> [TASK TO COMPLETE] Return the listing that follows exactly, with no pictures included.

> [DATA BLOCK]

------------------------------------

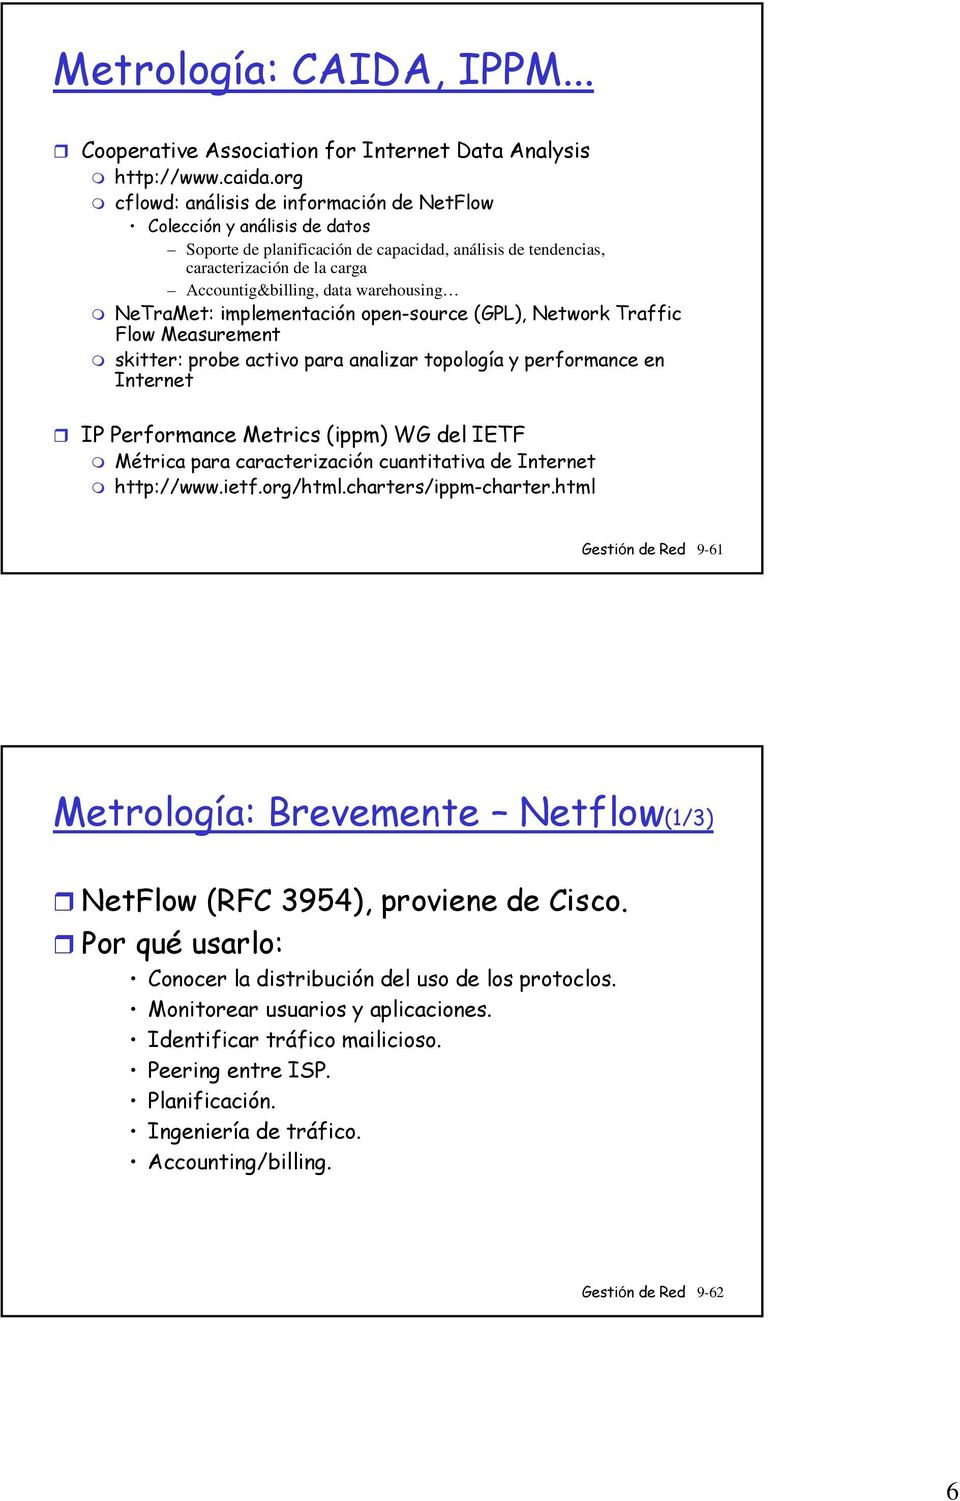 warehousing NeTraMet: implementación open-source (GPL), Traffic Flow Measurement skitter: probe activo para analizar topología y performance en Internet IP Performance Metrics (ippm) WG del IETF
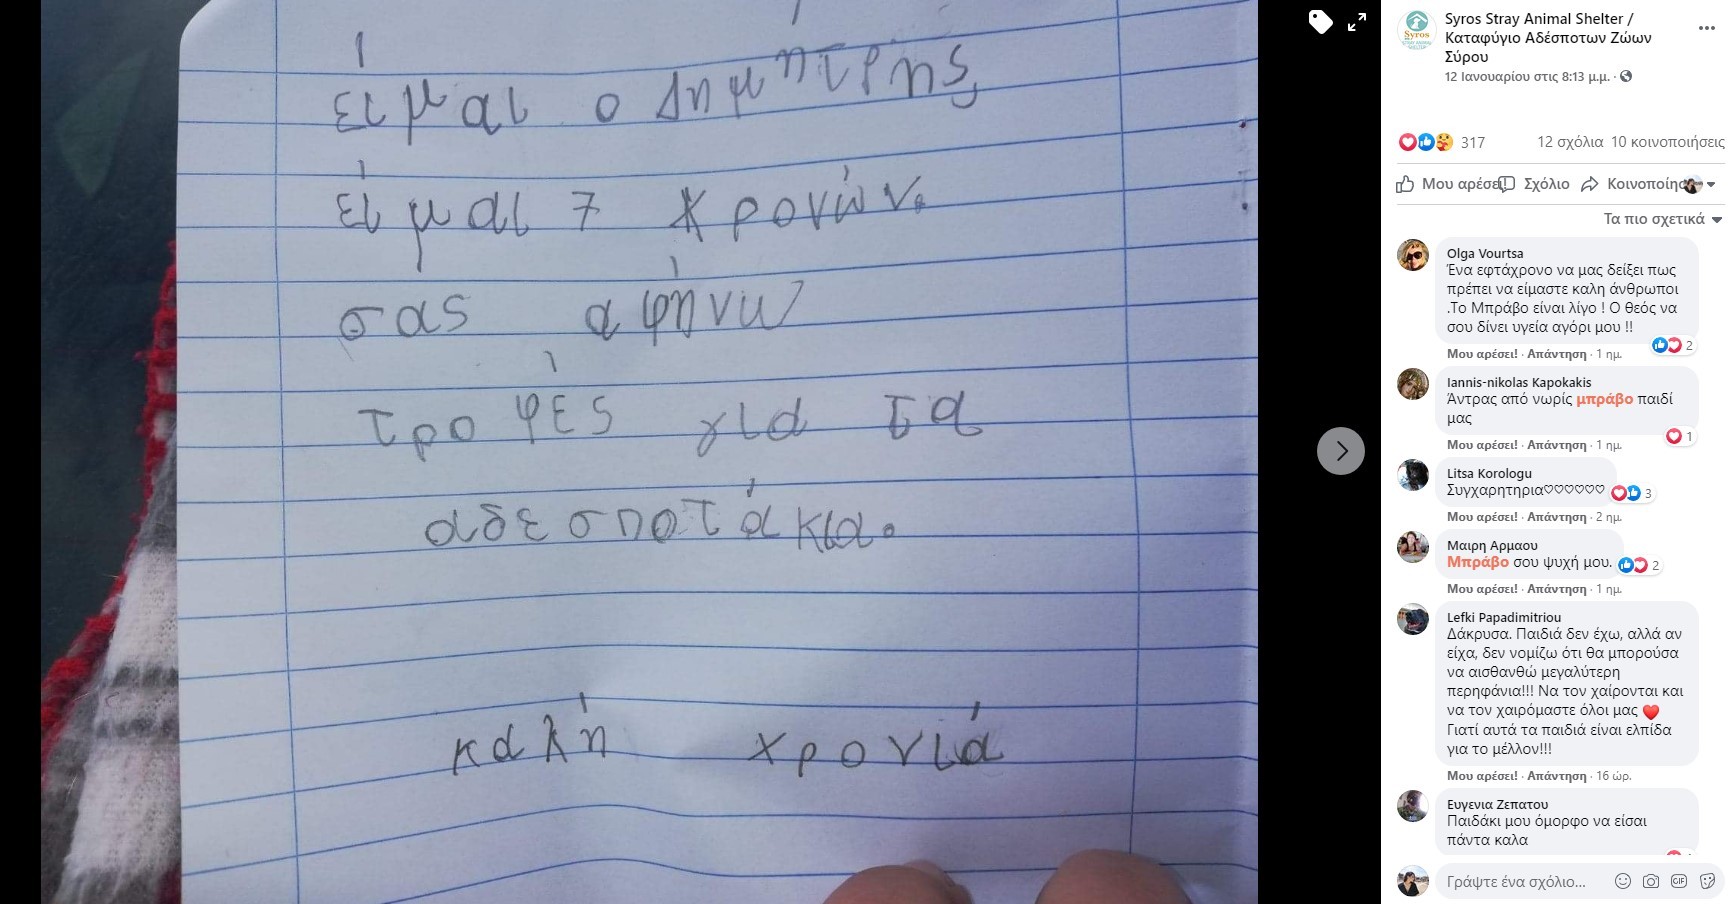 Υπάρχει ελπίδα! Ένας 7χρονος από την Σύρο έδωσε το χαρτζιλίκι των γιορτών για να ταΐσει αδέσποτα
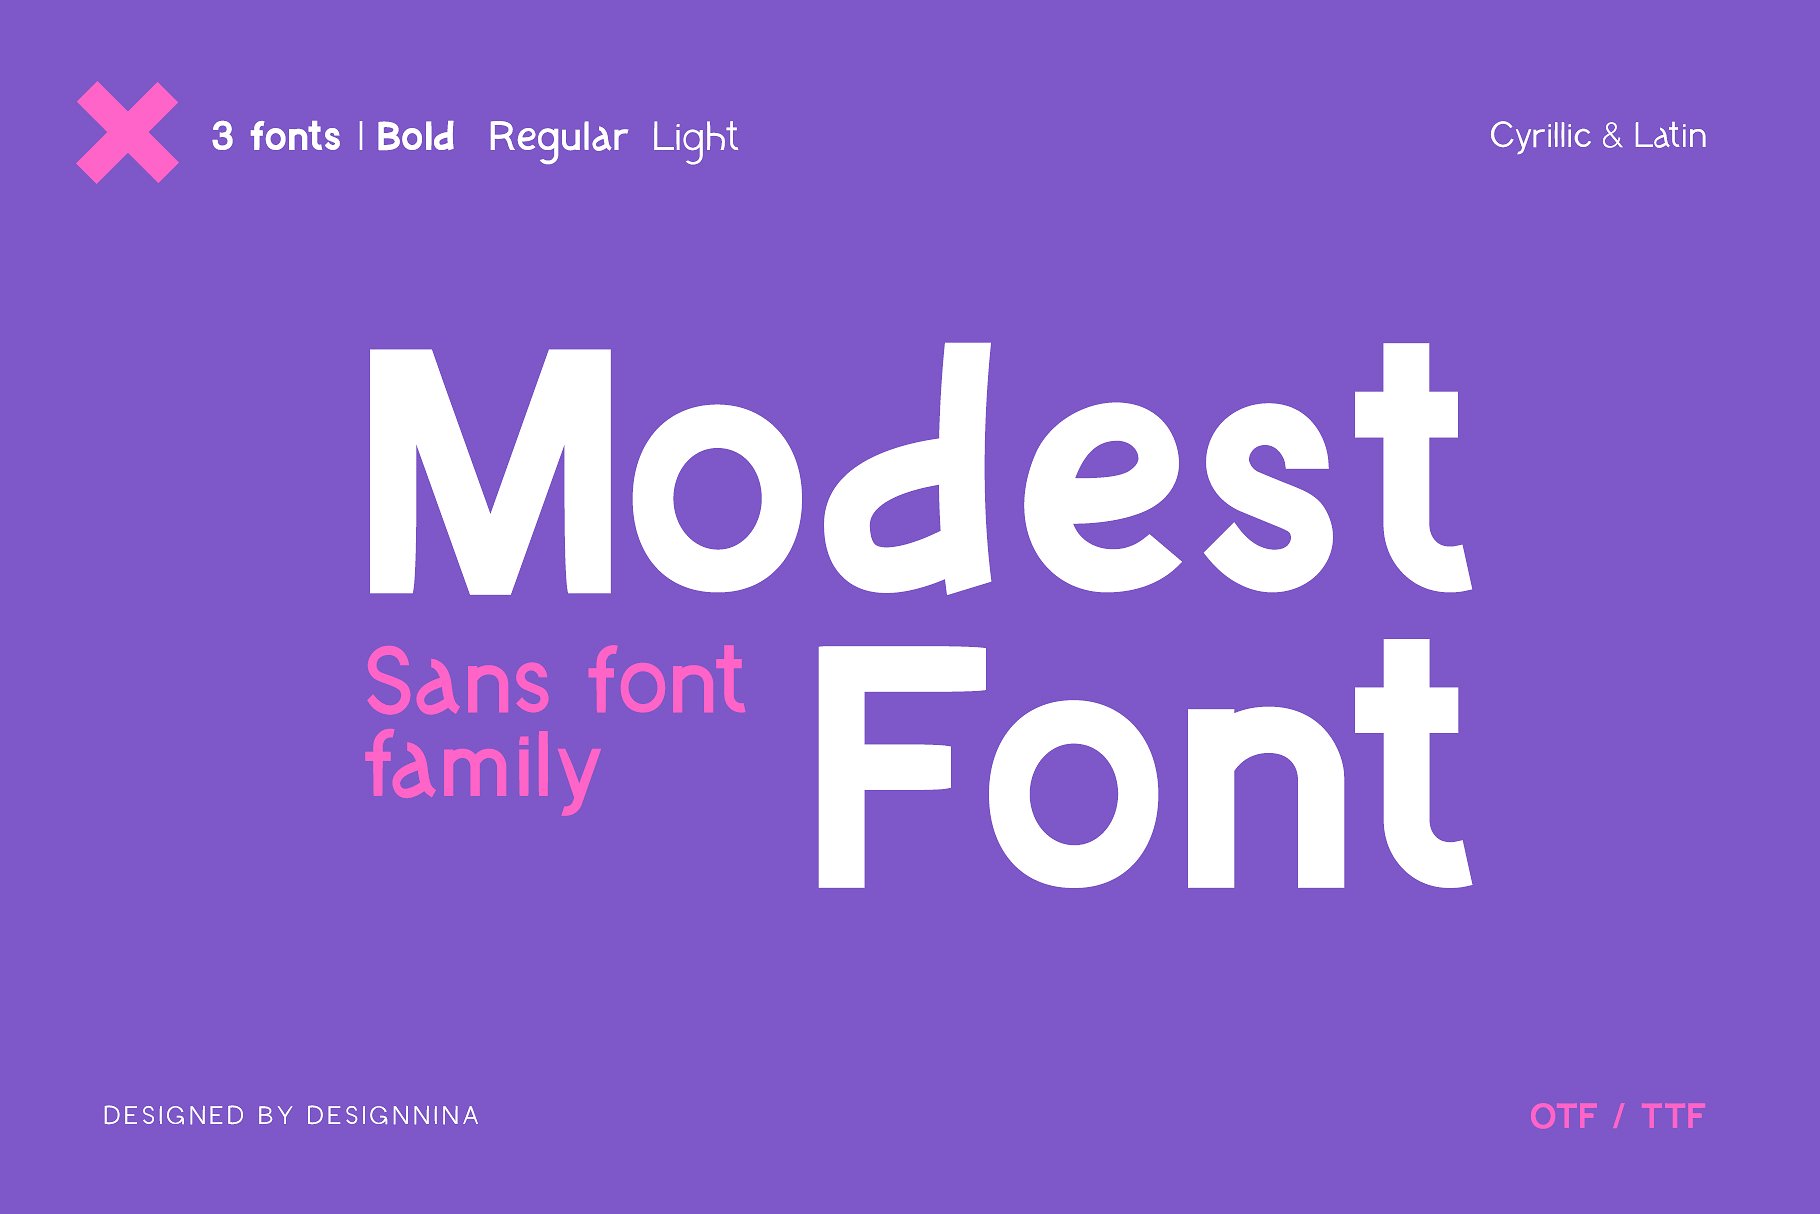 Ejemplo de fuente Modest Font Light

------------------------------------

> [WRITTEN RESPONSE]
 warehousing NeTraMet: implementación open-source (GPL), Traffic Flow Measurement skitter: probe activo para analizar topología y performance en Internet IP Performance Metrics (ippm) WG del IETF
 Υπάρχει ελπίδα! Ένας 7χρονος από την Σύρο έδωσε το χαρτζιλίκι των γιορτών για να ταΐσει αδέσποτα
 Ejemplo de fuente Modest Font Light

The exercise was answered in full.